6. En dernier lieu, aux termes de l'article L. 8115-4 du code du travail : " Pour déterminer si elle prononce un avertissement ou une amende et, le cas échéant, pour fixer le montant de cette dernière, l'autorité administrative prend en compte les circonstances et la gravité du manquement, le comportement de son auteur, notamment sa bonne foi, ainsi que ses ressources et ses charges. ".

7. La société requérante soutient que la sanction a été prononcée plus de deux ans après les faits, qu'elle est confrontée à un contexte économique difficile, qu'elle a pris toutes les mesures pour régulariser sa situation et qu'aucun antécédent ne lui est reproché. Toutefois, pour prendre les sanctions en litige, le directeur régional de l'économie, de l'emploi, du travail et des solidarités du Grand Est a pris en considération les quatre manquements aux règles relatives aux installations sanitaires de chantier, soit l'absence de vestiaire, de lavabo, de cabinets d'aisance et de local de restauration, la connaissance des obligations par l'employeur qui emploie plus de 40 salariés et exerce son activité de BTP depuis 1990, la bonne foi de l'employeur et sa situation financière.

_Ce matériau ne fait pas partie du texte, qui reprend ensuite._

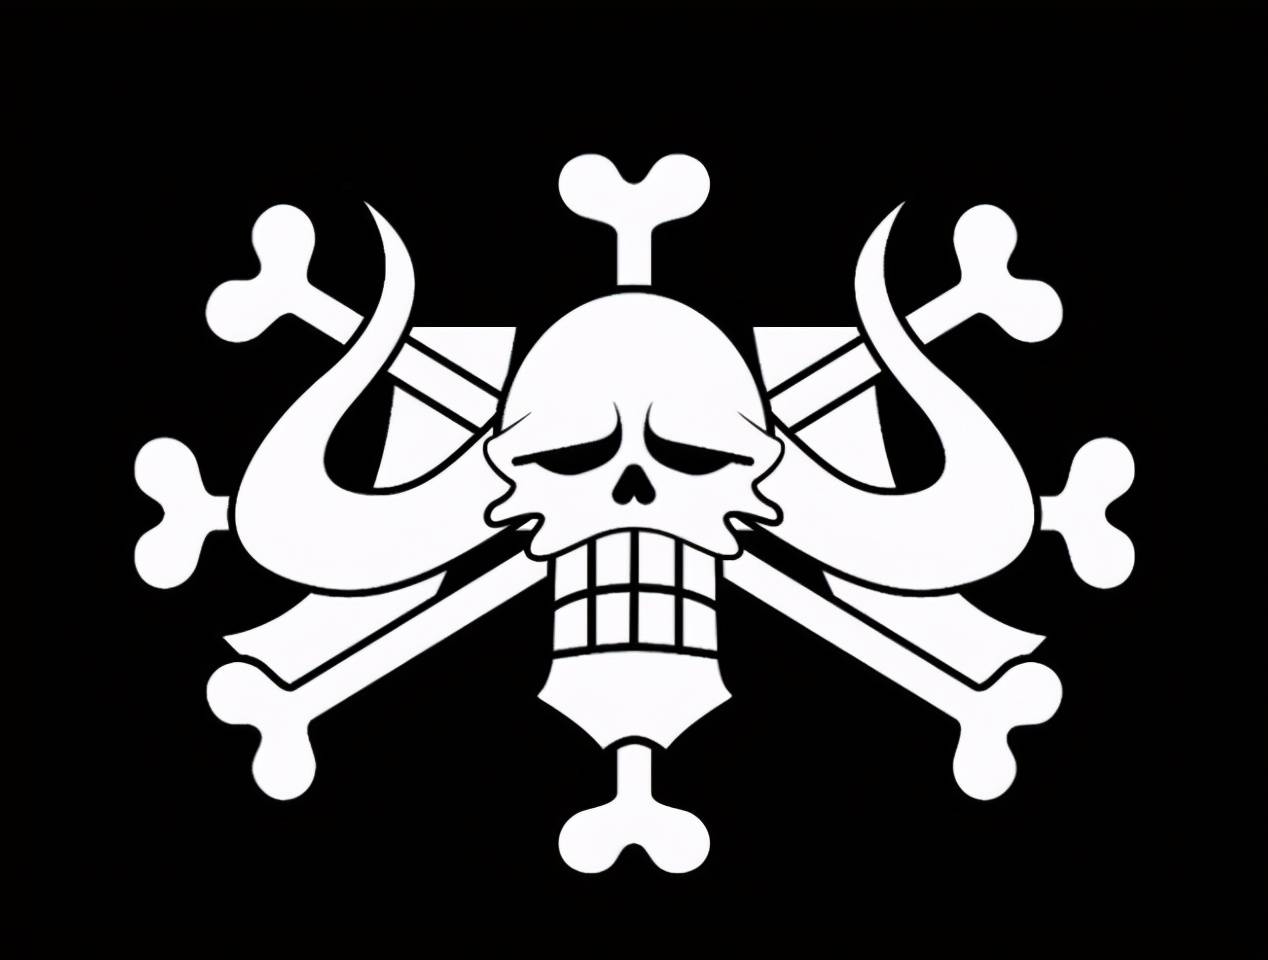 原创揭秘海贼王中的六皇海贼旗的寓意你全都了解吗

Il a ainsi fixé les amendes à des montants respectifs de 200 euros, 300 euros, 400 euros et 300 euros, alors que le montant maximum par travailleur concerné est de 4 000 euros. Par ailleurs, la société SE Gunay ne produit aucun élément, notamment un bilan comptable, permettant d'apprécier de manière globale sa situation financière. Dans ces conditions, la société requérante n'est pas fondée à soutenir que les sanctions sont disproportionnées.

8. Il résulte de ce qui précède que la société SE Gunay n'est pas fondée à demander l'annulation de la décision du 26 mars 2021.

Sur les frais d'instance :

9. Les dispositions de l'article L. 761-1 du code de justice administrative font obstacle à ce que soit mis à la charge de l'Etat, qui n'est pas, dans la présente instance, la partie perdante, le versement d'une somme au titre des frais exposés et non compris dans les dépens.

D E C I D E :

Article 1er : La requête de la société SE Gunay est rejetée.

Article 2 : Le présent jugement sera notifié à la société SE Gunay et à la direction régionale de l'économie, de l'emploi, du travail et des solidarités du Grand Est.

Délibéré après l'audience du 31 janvier 2023, à laquelle siégeaient :

M. Dhers, président,

Mme Devys, première conseillère

Mme Weisse-Marchal, première conseillère.

Rendu public par mise à disposition au greffe le 14 février 2023.

La rapporteure,

J. Devys

Le président,

S. DhersLe greffier,

P. Souhait

La République mande et ordonne au ministre du travail en ce qui le concerne ou à tous commissaires de justice à ce requis en ce qui concerne les voies de droit commun contre les parties privées, de pourvoir à l'exécution de la présente décision.